A Biblical Perspective on Environmentalism: Demand for Draconian Measures

Reprinted with permission from As I See It, which is available free by writing to the editor at dkutilek@juno.com. Read the series so far.

One of the favorite tactics of environmental extremists and their invariably uninformed “celebrity” spokespersons is to claim with panicked voice that we are on the brink, the very precipice of irremediable environmental and ecological disaster, and that mankind’s very existence and continuation as a species, along with life itself on earth hangs in utterly precarious balance, frighteningly close to the tipping point of no return. And, as a consequence, immediate and sweeping government-mandated and rigidly enforced changes in everything from toilet tank water capacity to grossly cost-ineffective and unworkable “alternate energy” sources to automobile mileage standards to the closing of coal and nuclear power plants are proposed and imposed on the populace, “for their own good,” regardless of how disruptive, expensive, inconvenient, even dangerous and unnecessary the forced changes may be—and inevitably are. “Never waste a crisis”—even if it is a manufactured, fictitious crisis—is the watchword of those who wish to seize power and dominate and domineer their perceived “inferiors” in the populace.

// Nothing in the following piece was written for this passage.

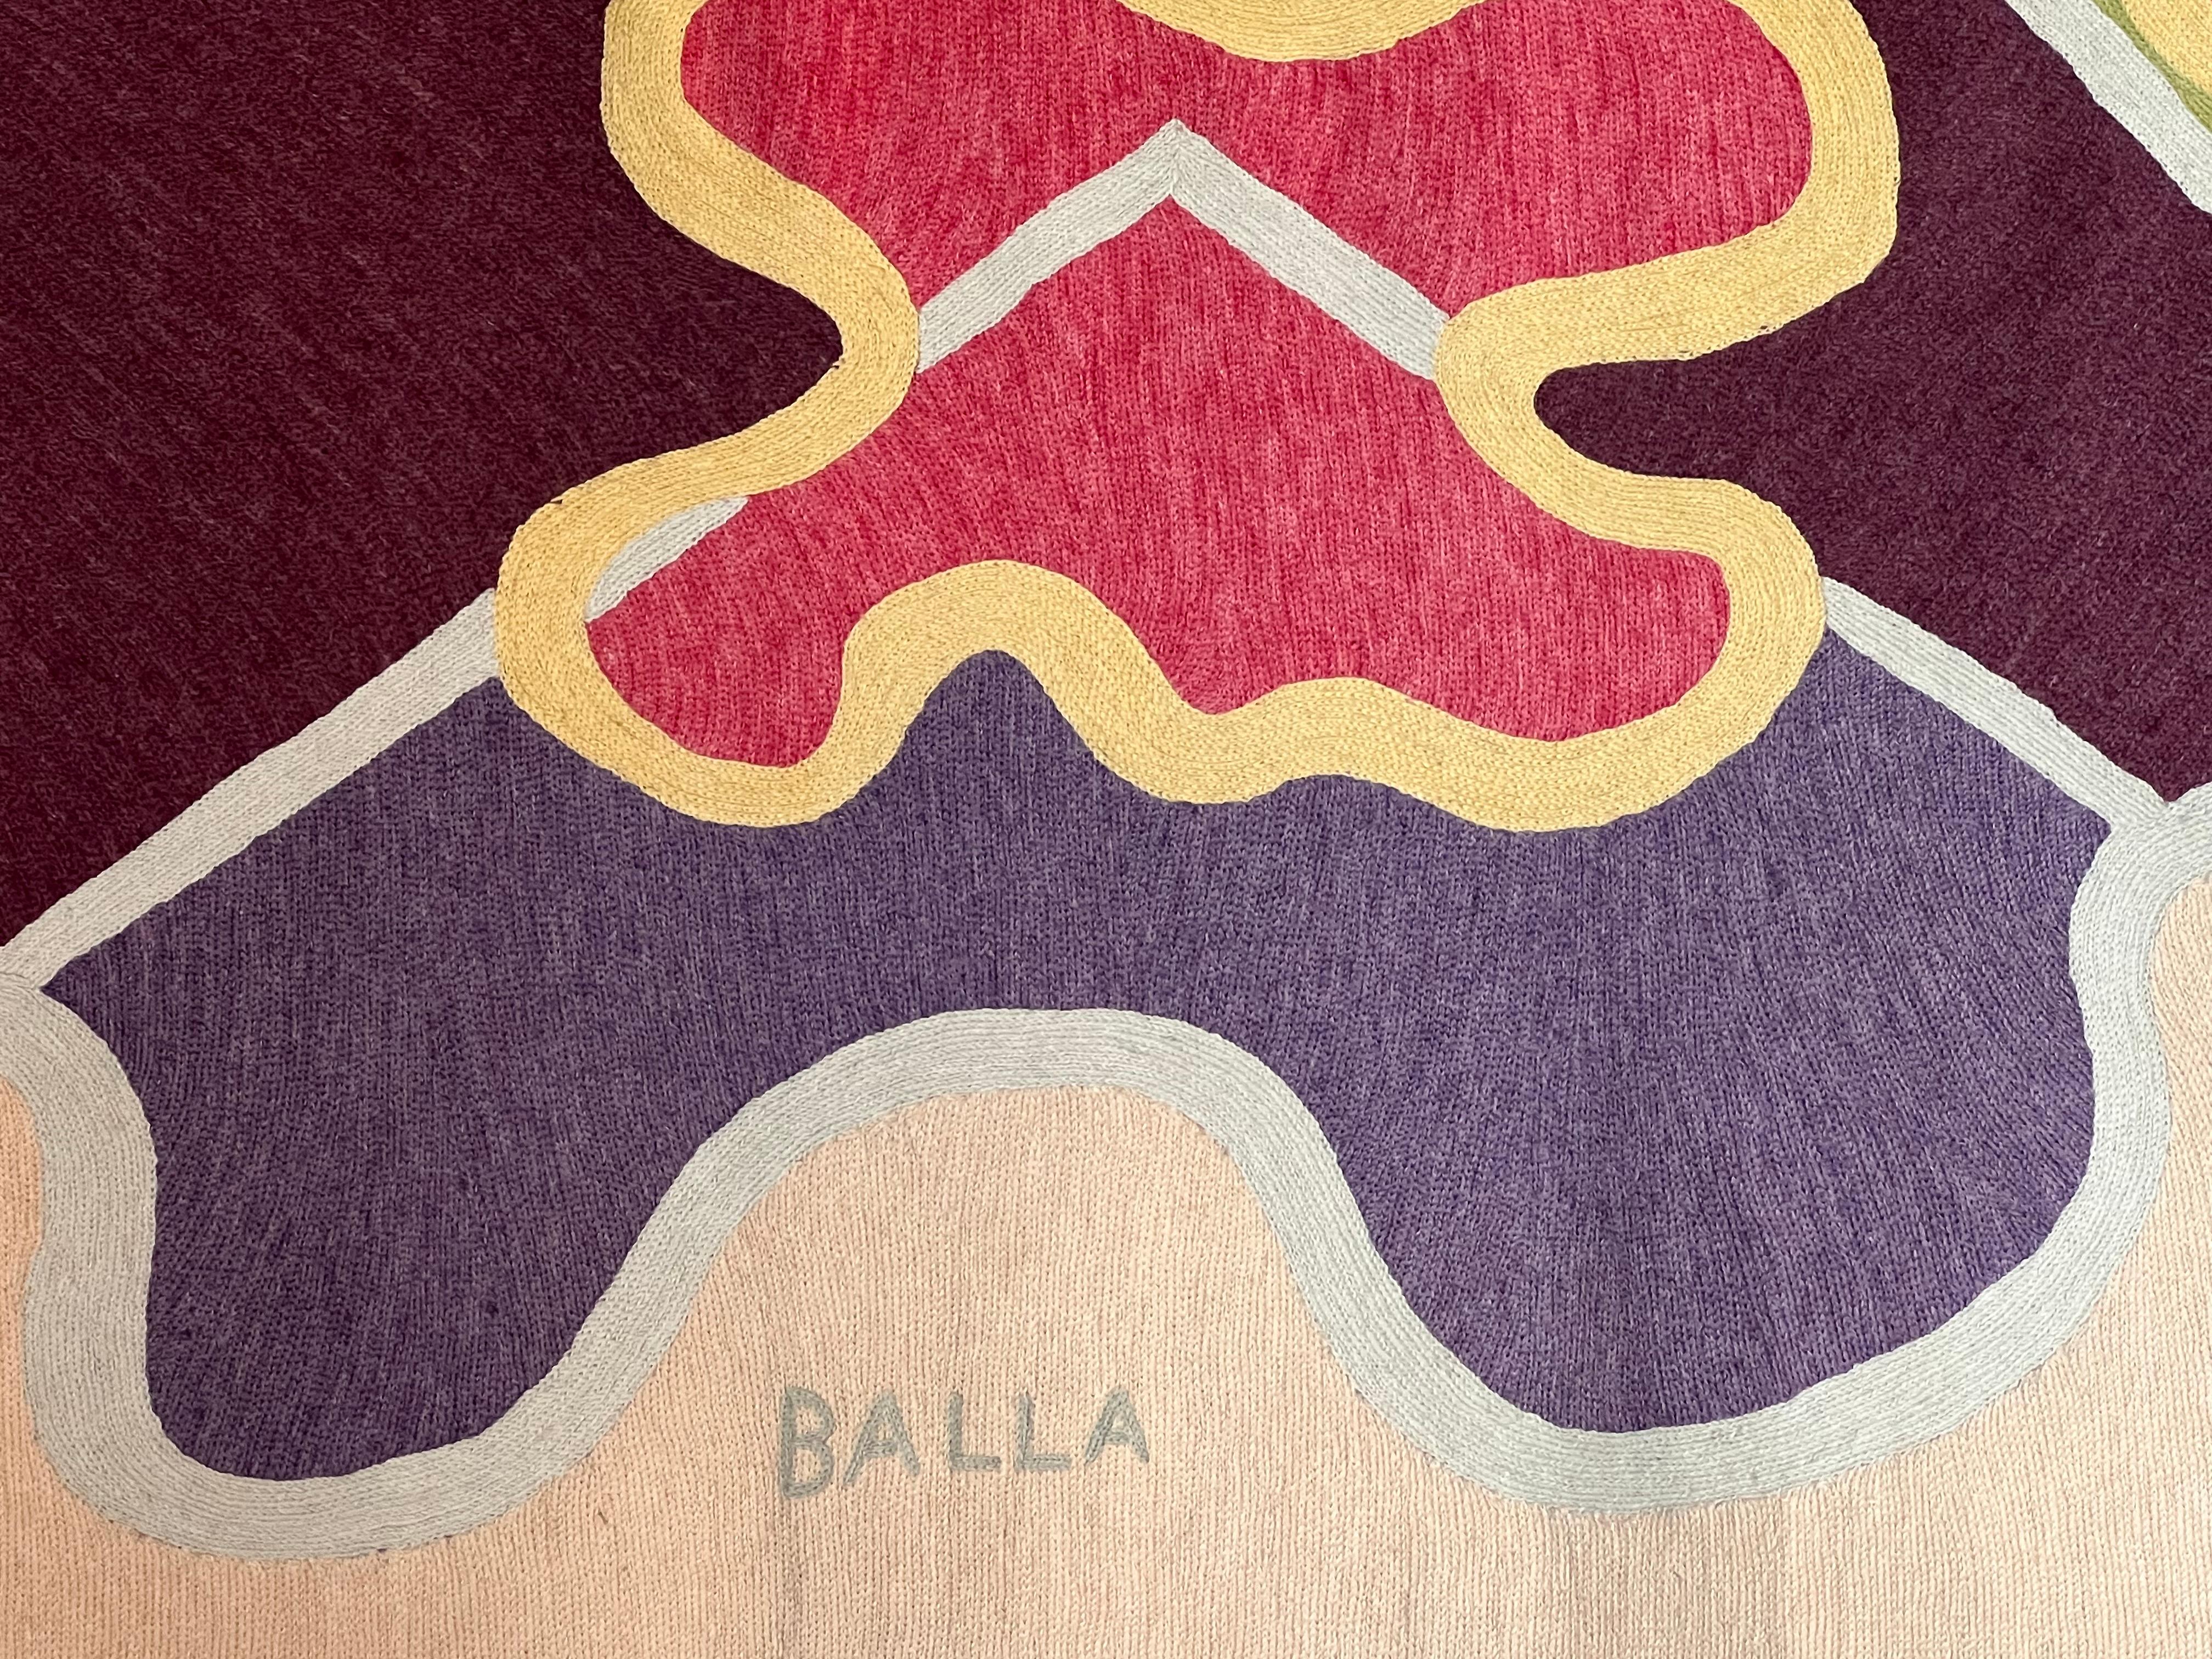 Handgewebter Wandteppich im Kettenstich mit reinen Wollgarnen auf Baumwollgewebe. Dank der Bereitschaft der Töchter von Giacomo Balla, Luce und Elica, die Elio Palmisano  die von ihrem Vater entworfenen Entwürfe für Textilien, die nur in der

Among the most absurd of the draconian measures proposed, and not far from being imposed, is a so-called “carbon tax” to restrict, even punish those who add carbon dioxide to the atmosphere through the combustion—burning—of such non-renewable fuels as coal, oil and natural gas. That carbon dioxide—a minuscule .03% of the atmosphere—is a “greenhouse gas” is true; that that is a bad thing, is false. Without carbon dioxide in the atmosphere, along with the other, much more influential greenhouse gases (water vapor by far number one among them), the earth would trap less heat during the day and lose much more during the night. These gases which trap solar heat moderate the daily temperature swings on planet earth and make life possible. Without them, day time highs would regularly and substantially exceed 100 F. and at night the temperature would plunge below freezing, making agriculture—and human existence—impossible.